# Why did they kill Laura Palmer?



## beenni

Hi all,

Can anybody help? How can you say in Russian "why did they kill Laura Palmer"? I would say, with my sad Russian I speak, pochemu oni ubili... But it's impossible to find out how to put this name in accusative.

Thanks for your answer.


----------



## elemika

Hi,
Почему они убили Лауру Палмер?

 В этом случае склоняется только имя (Лаура, Лауре, Лауру, Лаурой)


----------



## ExMax

"Почему убили Лору Палмер?".
"Кто убил Лору Палмер?" in the tagline of the Russian version of the TV series, though.


----------



## Cleare

elemika said:


> Hi,
> Почему они убили Лауру Палмер?
> 
> В этом случае склоняется только имя (Лаура, Лауре, Лауру, Лаурой)


 

a+u = [o] Лора


----------



## Ptak

elemika said:


> Hi,
> Почему они убили Лауру Палмер?


"Они" is superfluous here. In Russian, you can use "они" only if you know who "them" are. If it's just impersonal, you don't need to use this word here.

My version would be "_*За что* убили Лору Палмер?_"
I somehow think that in Russian we more often say "_за что_" than "_почему_" when talking about murders; but maybe it's just my personal feeling.


----------



## Nadia!

I would also say "За что убили Лору Палмер?" better than "почему" but both are correct, "За что" meaning mot-a-mot in Eng. "what for" .


----------



## ExMax

Ptak said:


> "Они" is superfluous here.


Не очень уверен, что к этому правильно отнесутся модераторы, но обсуждение необходимости перевода личных местоимений время от времени все равно происходит, и есть мнения, что перевод местоимений часто бывает не нужен. А здесь уж очень удачный пример…
Для удобства считаем, что фраза эта имеет отношение к сериалу Дэвида Линча «Твин Пикс».
Итак, о местоимениях  .

Пусть будет три варианта фразы.
A.“Why was Laura Palmer killed?”  
Убийца/убийцы не упоминаются совсем. Убийцей может быть кто угодно. В том числе и Лиланд. Количество убийц – тоже может быть любым. Переводы “Почему была убита Лора Палмер?” и “Почему убили Лору Палмер?” в данном случае ничего не искажают и оба могут быть приемлемы.

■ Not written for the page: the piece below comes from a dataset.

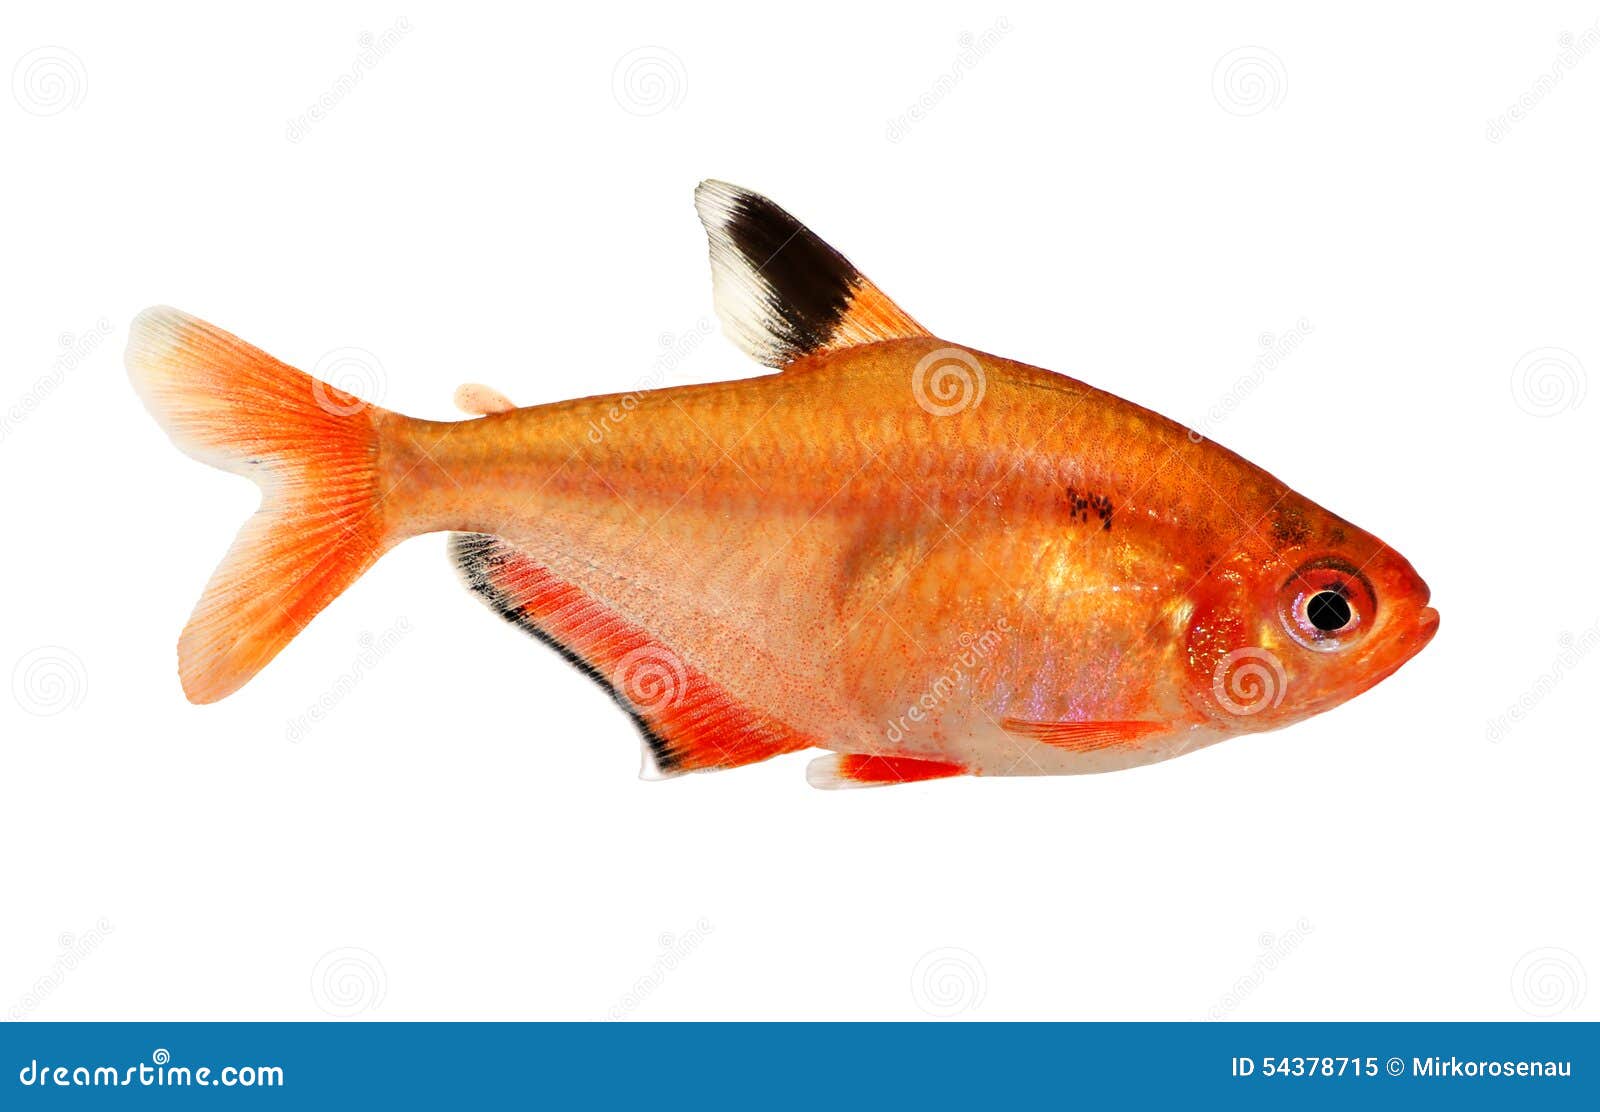 aquarium fish serpae tetra barb hyphessobrycon serape eques freshwater  on white

B. “Why did he kill Laura Palmer?” 
Убийца один, и это мужчина. Получается, убийца – Лиланд, однозначно. Не упомянуть его в переводе, значит упустить весь смысл. Поэтому «Почему он убил Лору Палмер?» - это правильно, а «Почему убили Лору Палмер?» и «Почему была убита Лора Палмер?» - нет.

C. Теперь наше “Why did they kill Laura Palmer?”
То есть, убийца – однозначно не Лиланд. По крайней мере, не один Лиланд, а был еще кто-то. Сможем ли мы на это указать, если переведем: “Почему убили Лору Палмер?” Ведь этот вариант оставляет и возможность убийства Лиландом в одиночку (но и любой другой вариант допускает)?
Теперь вариант “Почему они убили Лору Палмер?” 
Смысл перевода изменился.
Давайте признаем, что он полностью соответствует исходной фразе. Убийц, по мнению автора этой фразы, было больше одного. 
НО ТАК ЛИ ЭТО?


----------



## beenni

Thank you guys. You were very helpful.
It's strange that little things like this one can cause so many issues and doubts.
So, most of you answered in Russian which I love but I'm not a fluent speaker of it (I can understand some few stuff though).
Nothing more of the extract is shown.